A data augmentation methodology for training machine/deep learning gait recognition algorithms
This addresses the challenge of limited high-quality training data for gait recognition systems, though it is incremental as it builds on existing simulation and data augmentation techniques.
The authors tackled the problem of confounding factors like clothing and lighting reducing gait recognition accuracy by introducing a simulation-based data augmentation methodology and a subject-specific dataset to generate synthetic video frames. Results show that synthetic examples retain identity information, enabling studies into fully-invariant recognition across more conditions.
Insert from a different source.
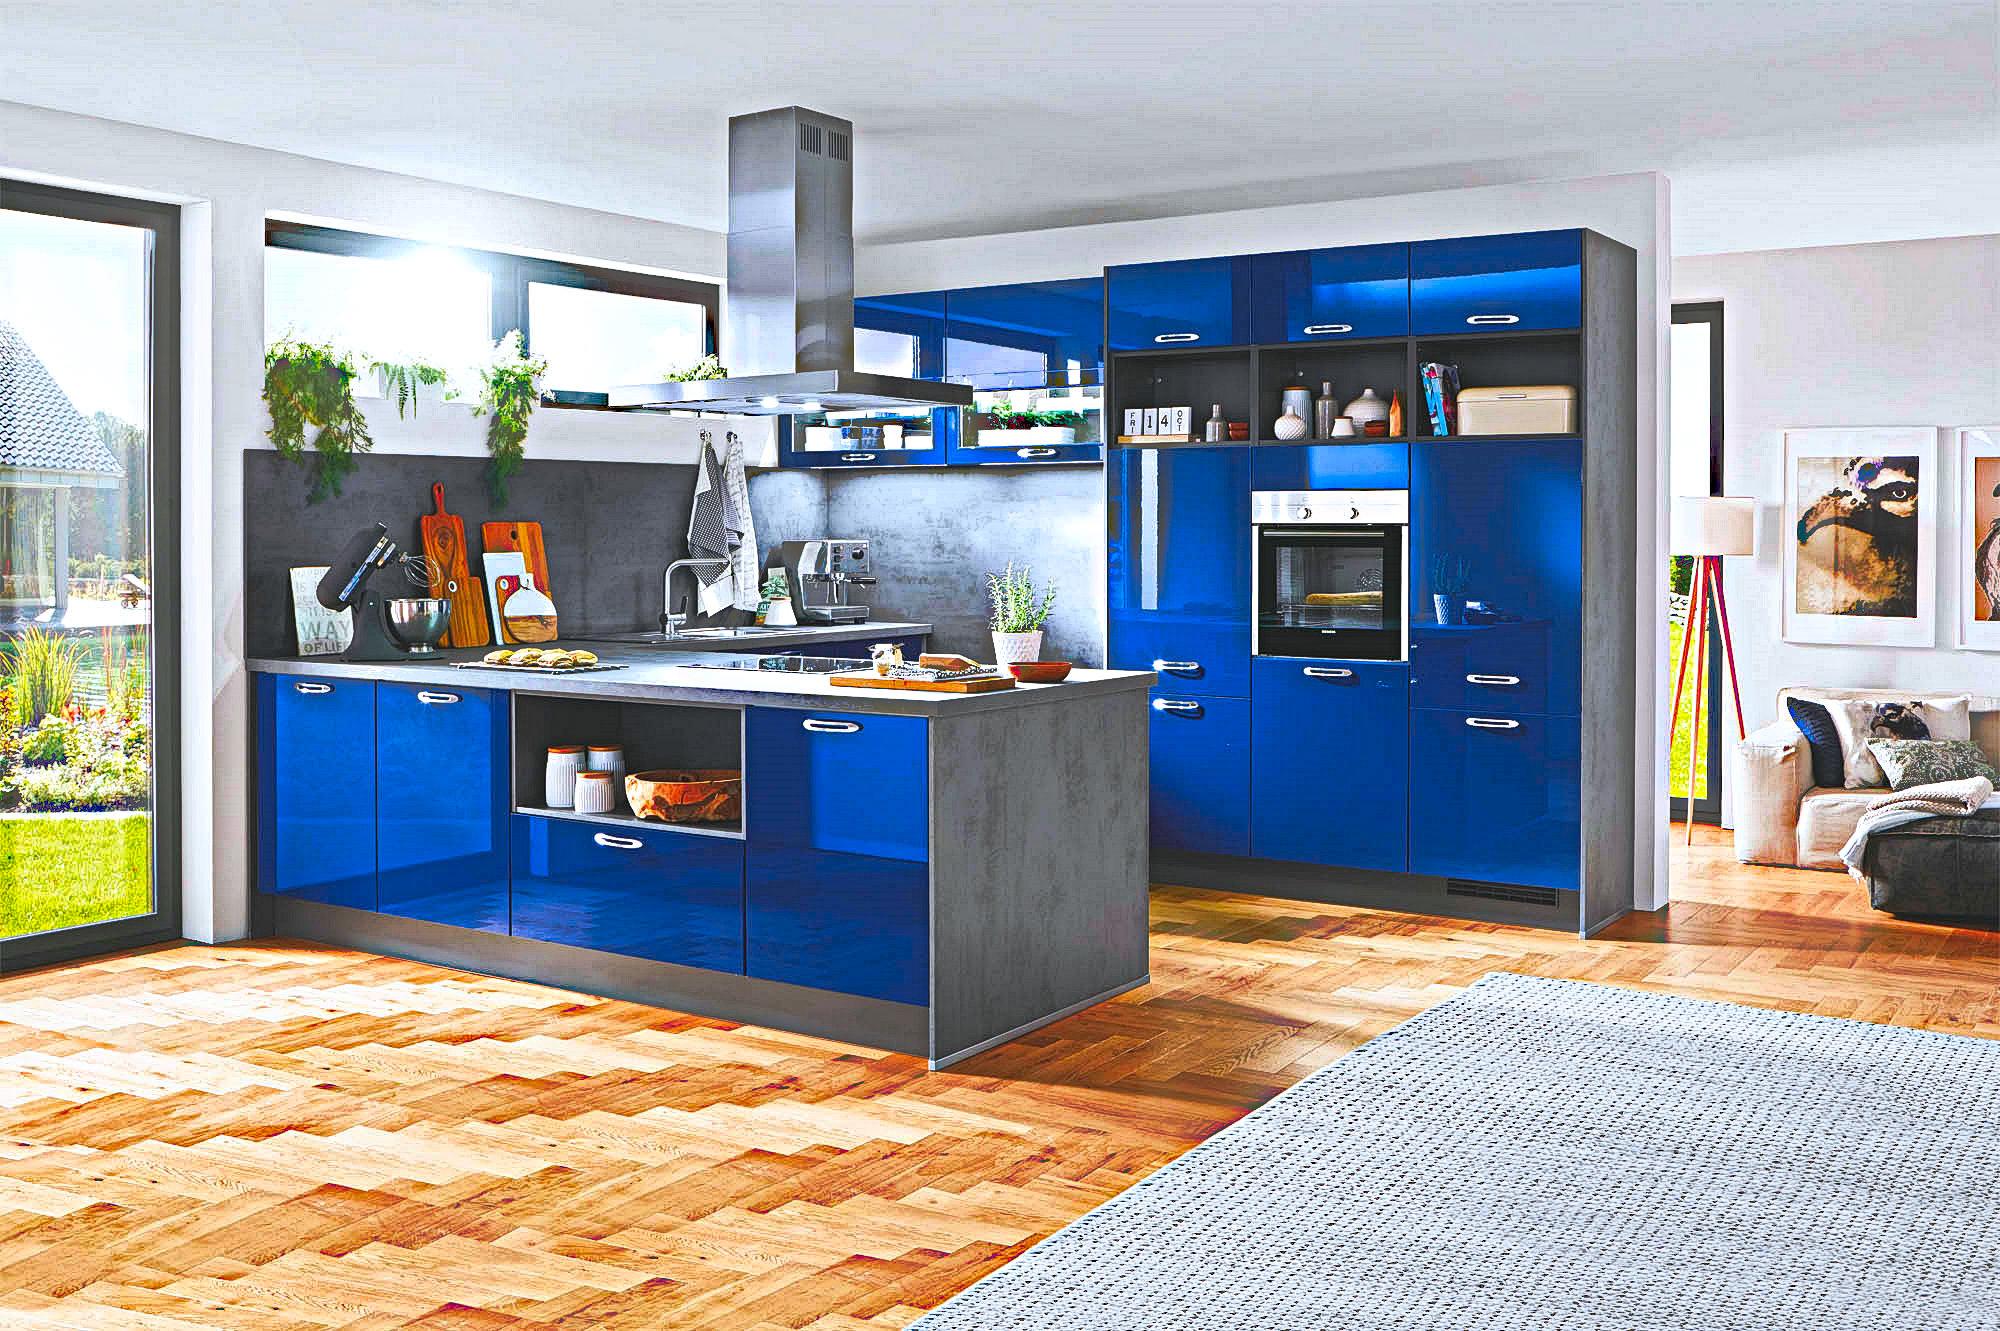 Full Size of Blaue Kche Gnstig Kaufen Kompetente Kchenplanung Kchenbrse Küche Sideboard Mit Arbeitsplatte Weisse Landhausküche Kräutergarten Modulküche Ikea Ohne Wohnzimmer Küche Blau

There are several confounding factors that can reduce the accuracy of gait recognition systems. These factors can reduce the distinctiveness, or alter the features used to characterise gait, they include variations in clothing, lighting, pose and environment, such as the walking surface. Full invariance to all confounding factors is challenging in the absence of high-quality labelled training data. We introduce a simulation-based methodology and a subject-specific dataset which can be used for generating synthetic video frames and sequences for data augmentation. With this methodology, we generated a multi-modal dataset. In addition, we supply simulation files that provide the ability to simultaneously sample from several confounding variables. The basis of the data is real motion capture data of subjects walking and running on a treadmill at different speeds. Results from gait recognition experiments suggest that information about the identity of subjects is retained within synthetically generated examples. The dataset and methodology allow studies into fully-invariant identity recognition spanning a far greater number of observation conditions than would otherwise be possible.